Thirty-six of the 68 patients (52.9%) who carried pregnancies to term received chemotherapy (see Table 3); 29 (80.6%) started chemotherapy in the second trimester and 7 (19.4%) started chemotherapy in the third trimester. No chemotherapy was administered in the first trimester. Decisions regarding agent selection and schedule were left to the discretion of the treating physician after consultation with patients, although opinion from multidisciplinary tumor board was considered in many cases as well. All 36 patients received doxorubicin and cyclophosphamide (AC) and 26 (72.2%) completed 4 cycles during pregnancy; of those receiving AC, 29 (80.6%) were treated on an every-3-week basis, and 7 (19.4%) received “dose-dense” AC every two weeks. Of these 7 patients, 4 received pegfilgrastim and 2 received filgrastim during pregnancy.

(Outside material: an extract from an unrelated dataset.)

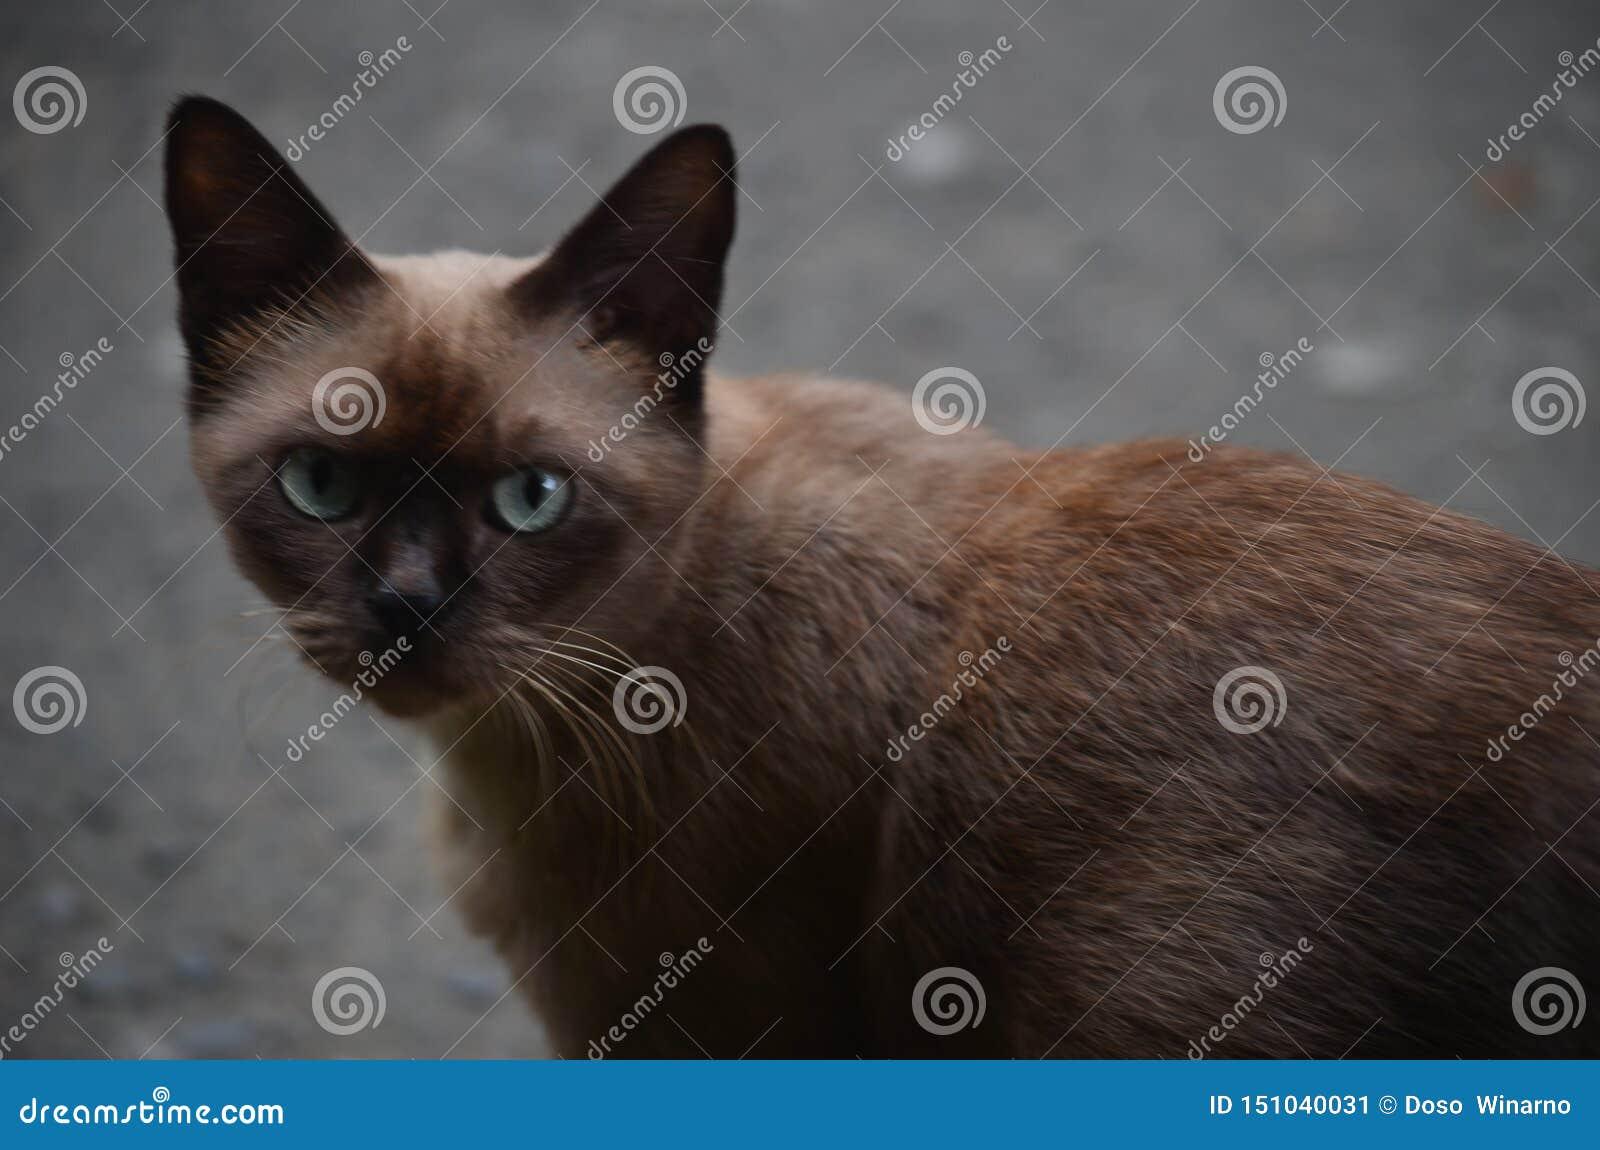 Brown-eyed cat bulging again wary of looking

Three patients (8.3%) received 12 cycles of weekly paclitaxel during pregnancy following AC. No patients received trastuzumab or endocrine therapy during pregnancy.

Table 3

Systemic therapy for pregnancy associated breast cancer

Systemic therapy (N = 68 patients delivered live born infants, 36 received chemotherapy therapy)	Number	Percent
Chemotherapy during pregnancy (N = 68)
Yes	36	52.9
No	32	47.1
Gestational age at initiation of treatment (N = 36)
0-12 weeks (1^st trimester)	0	0.0
13-27 weeks (2^nd trimester)	29	80.6
28-40 weeks (3^rd trimester)	7	19.4
Chemotherapy regimen (N = 36)
Every-3-week AC	29	80.6
4 cycles	21	72.4
3 cycles	2	6.9
2 cycles	5	17.2
1 cycle	1	3.4
Dose-dense AC	7	19.4
4 cycles	5	71.4
2 cycles	2	28.6
AC × 4 + weekly paclitaxel (12 weeks)	3	8.3
Dose-dense AC	2	66.6
Every-3-week AC	1	33.4
Neoadjuvant chemotherapy (N = 36)
Yes	8	22.2
Growth factor support (N = 36)
Yes	6	16.7
Pegfilgrastim	4	66.7
Filgrastim	2	33.3

Abbreviations: AC doxorubicin, cyclophosphamide.

Maternal outcomes

Of the 68 term pregnancies, 1 was complicated by intrauterine growth restriction (< 10^th percentile), 1 by gestational hypertension, 3 by gestational diabetes, and 3 by cervical shortening (defined as cervix < 3 cm at 22 weeks gestation). Other complications of pregnancy, such as preeclampsia and placental abruption, were not seen. Complications of chemotherapy, including anemia, neutropenia, and febrile neutropenia, were rare, and not more common with dose-dense therapy. One patient required a blood transfusion for anemia. A total of 13 patients (36.1%) treated with chemotherapy developed treatment-related neutropenia; but most cases were mild, with absolute neutrophil counts (ANC) >1000. One patient developed febrile neutropenia and mycoplasma pneumonia requiring hospitalization.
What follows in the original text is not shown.